> [Available data]:
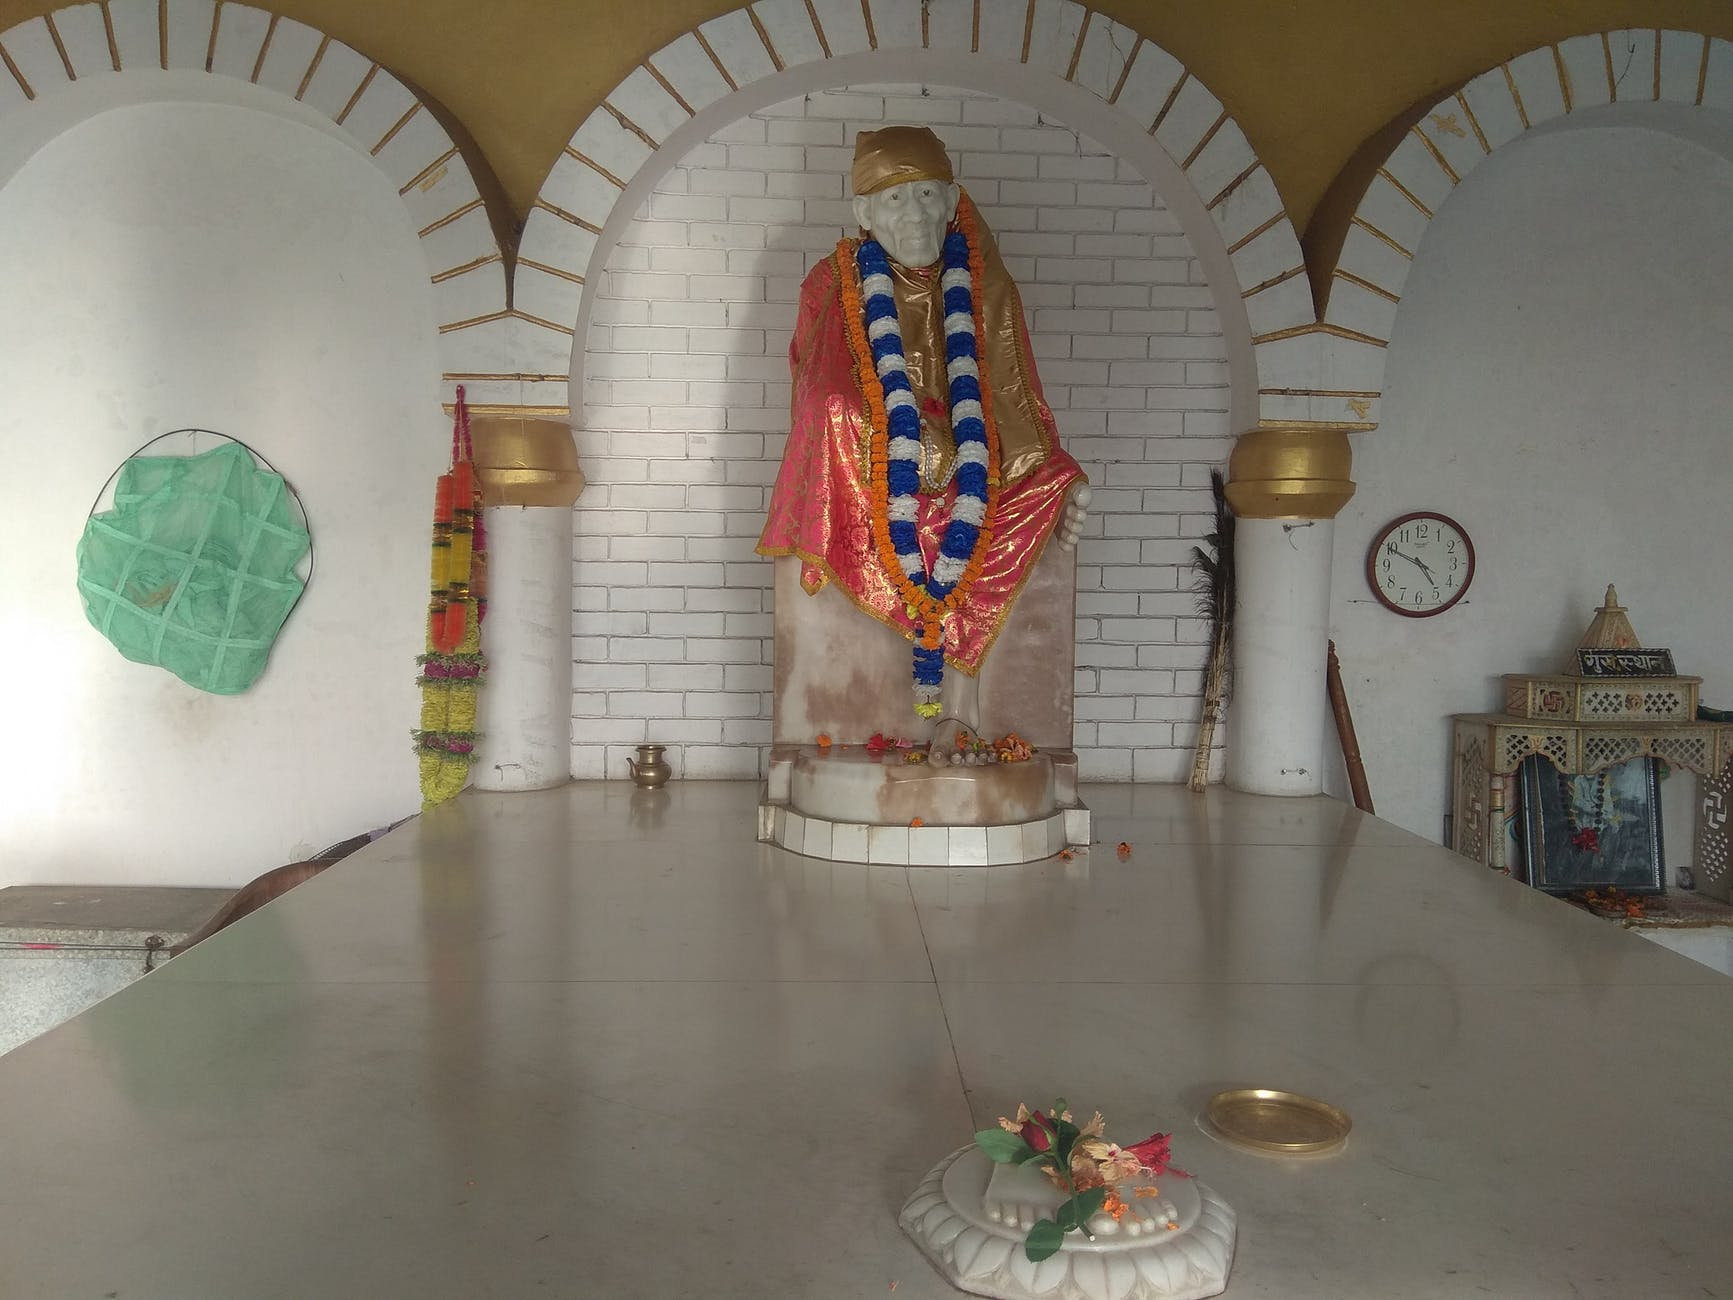 SHRI SHIRDI SAI BABA SANSTHAN, CHHOTA DHAM SHIRDI SAI DHAM, MAHULI, PATNA,BIHAR,INDIA,804453
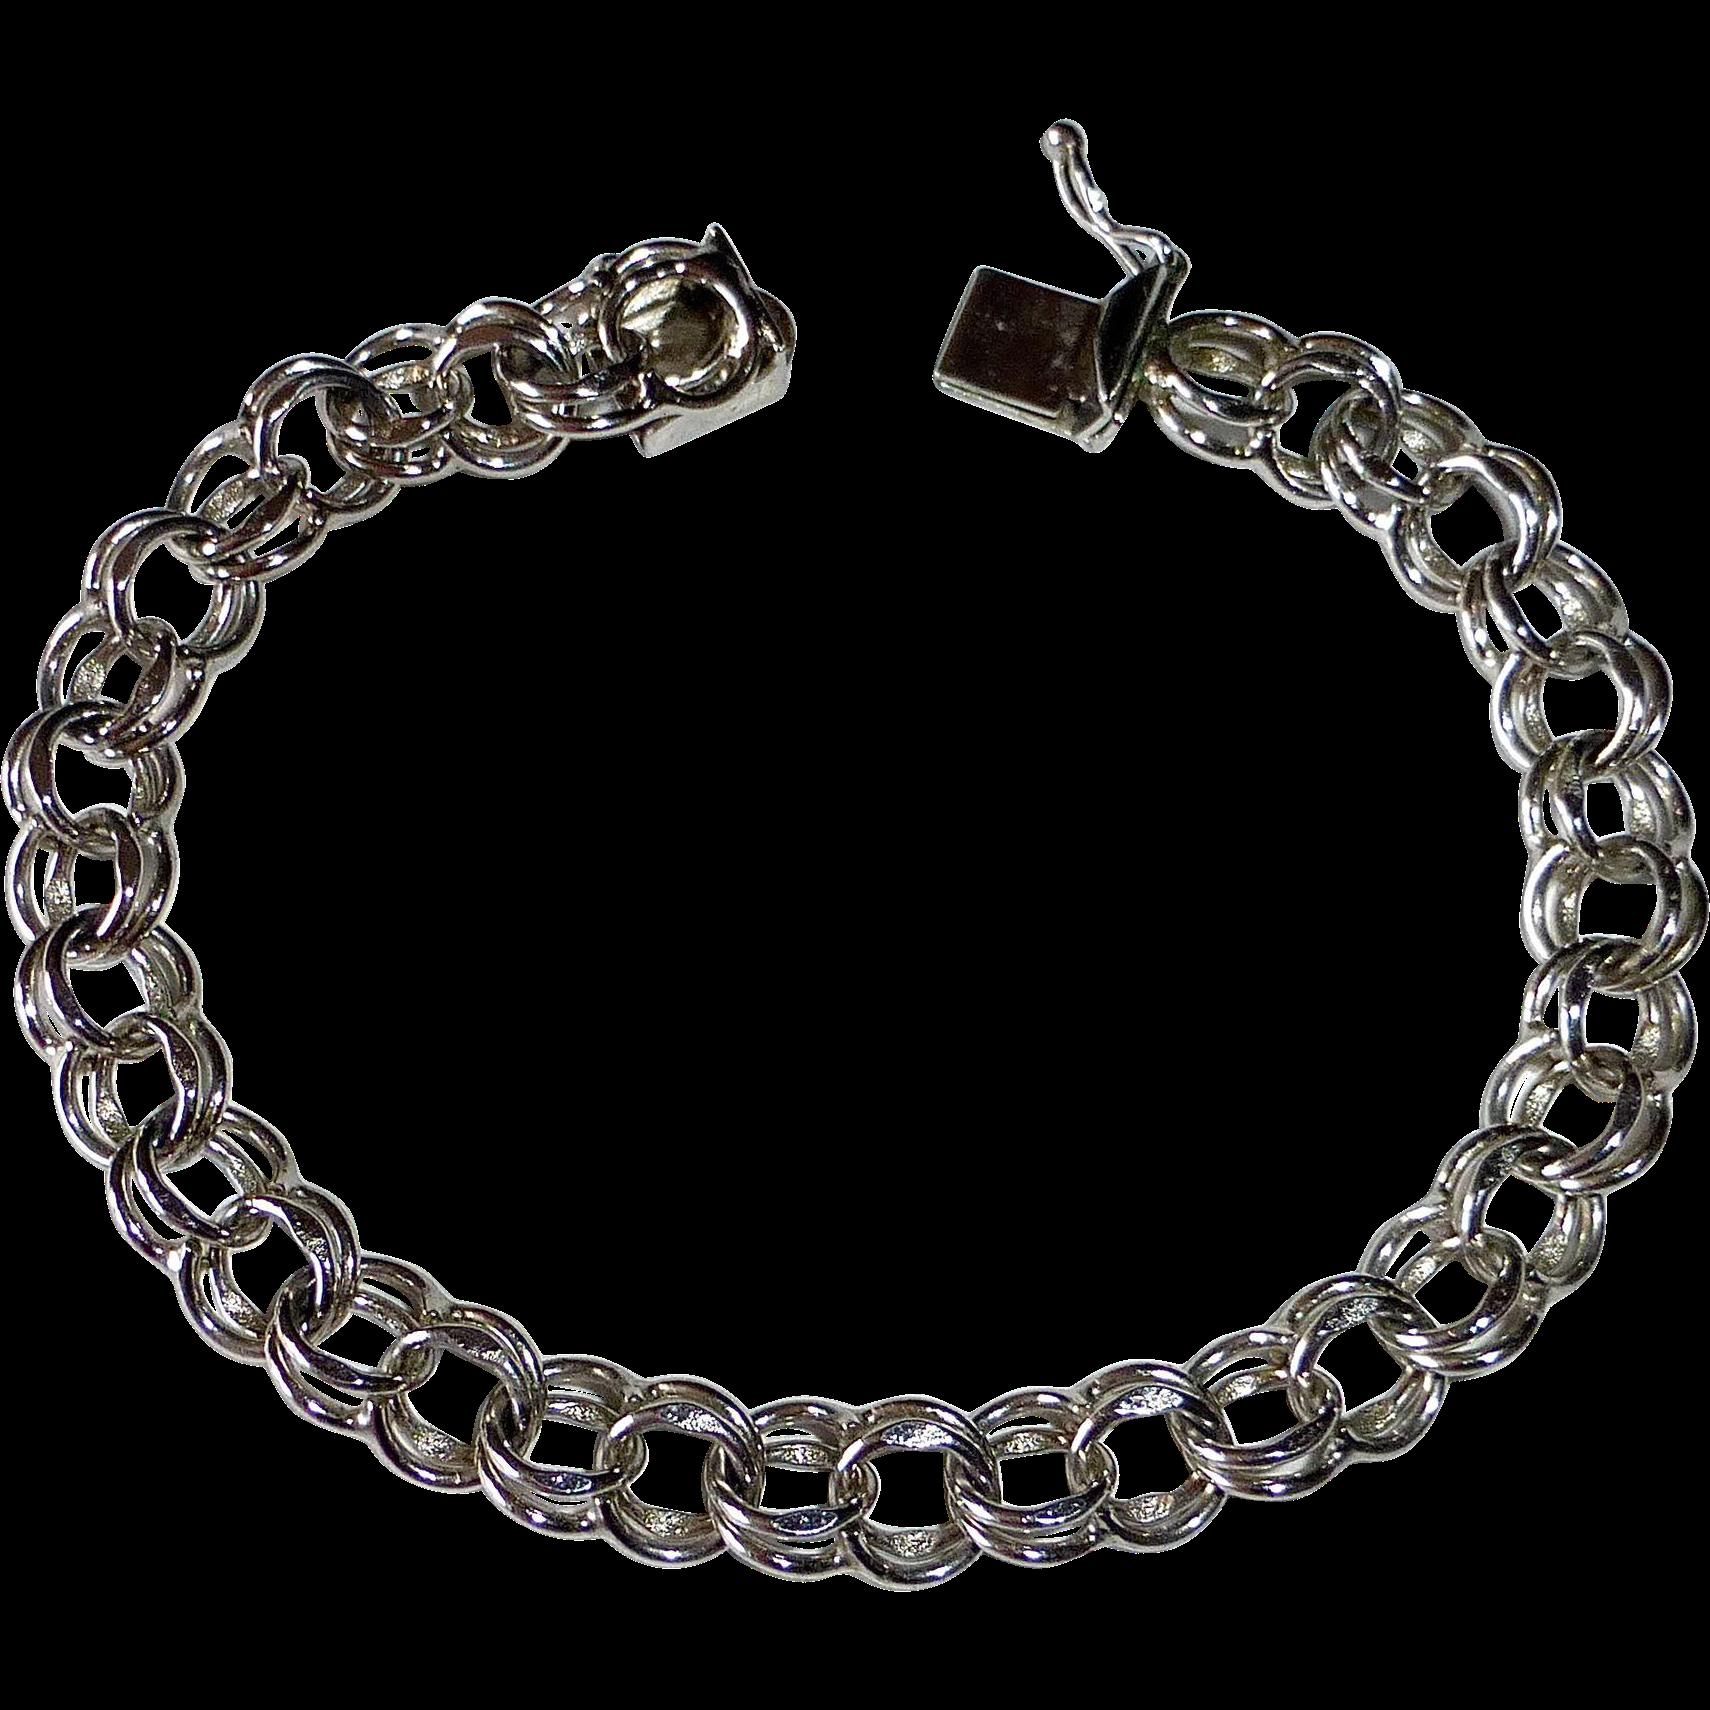 sterling link starter charm bracelet from rubylane
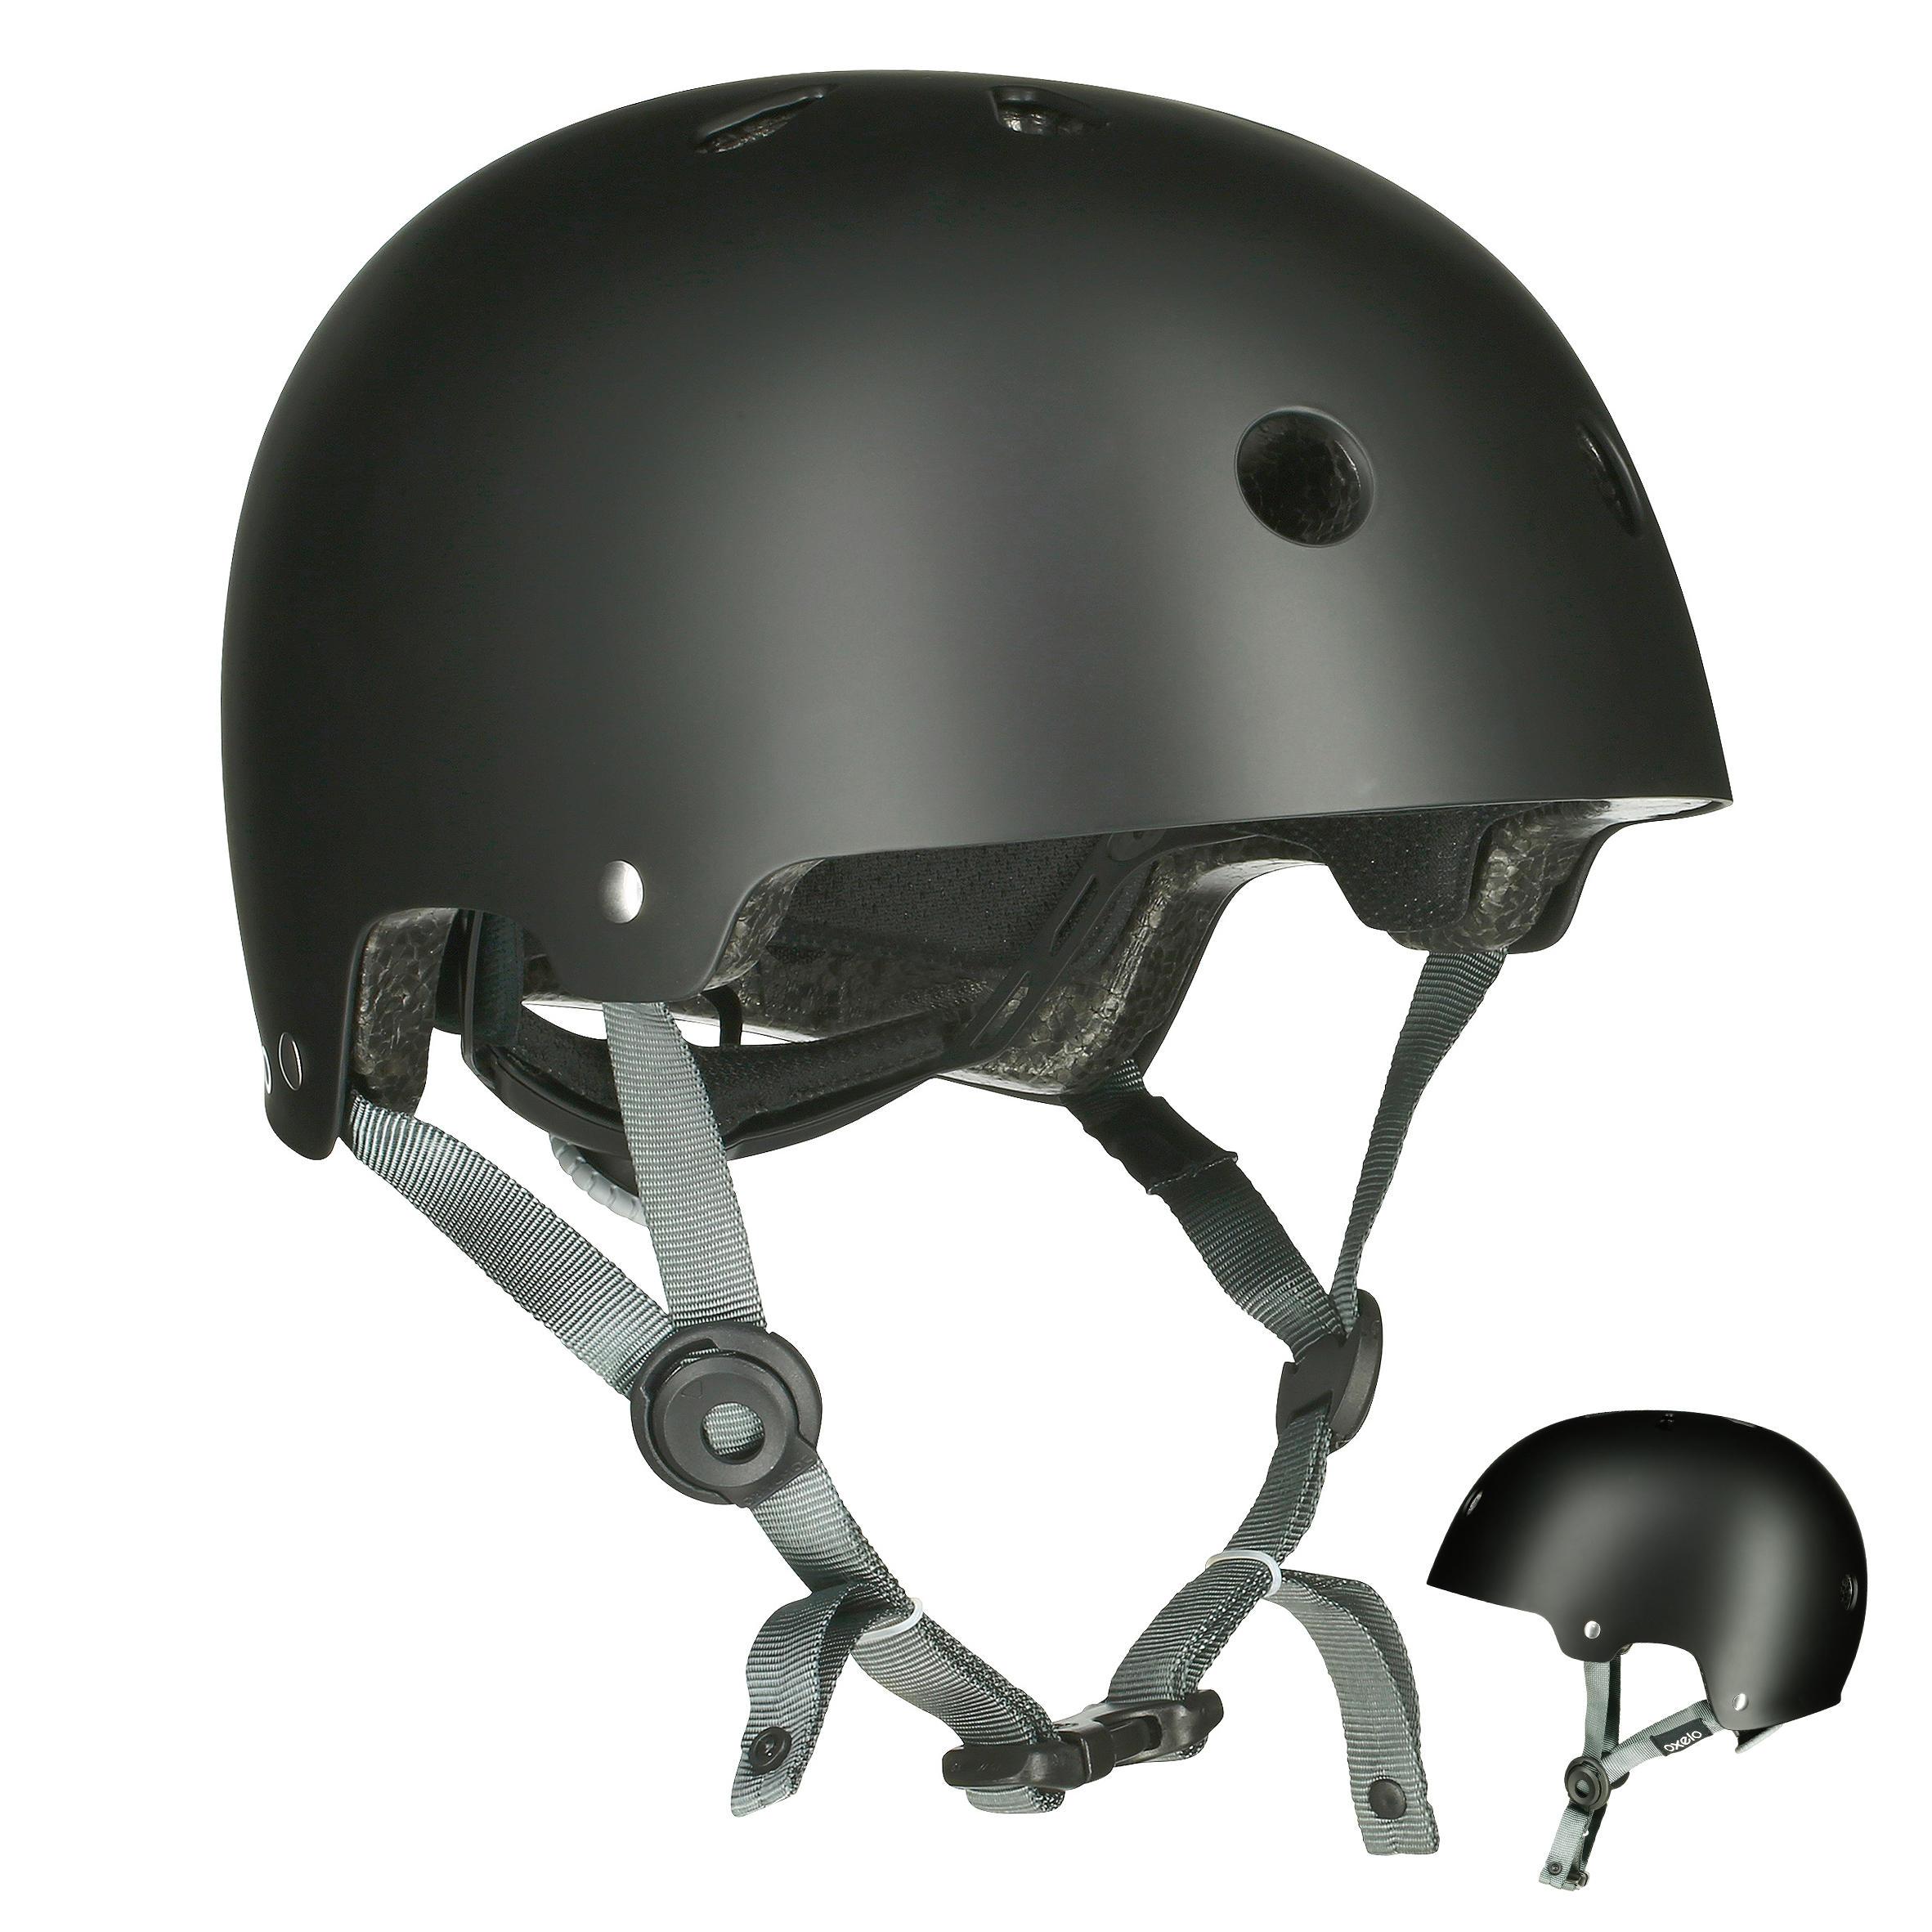 Helm Play 5 voor skaten skateboarden steppen fietsen L

> [Required work]: The whole listing is to be retyped exactly, with its pictures removed.

> [Solution to this exercise]:
 SHRI SHIRDI SAI BABA SANSTHAN, CHHOTA DHAM SHIRDI SAI DHAM, MAHULI, PATNA,BIHAR,INDIA,804453
 sterling link starter charm bracelet from rubylane
 Helm Play 5 voor skaten skateboarden steppen fietsen L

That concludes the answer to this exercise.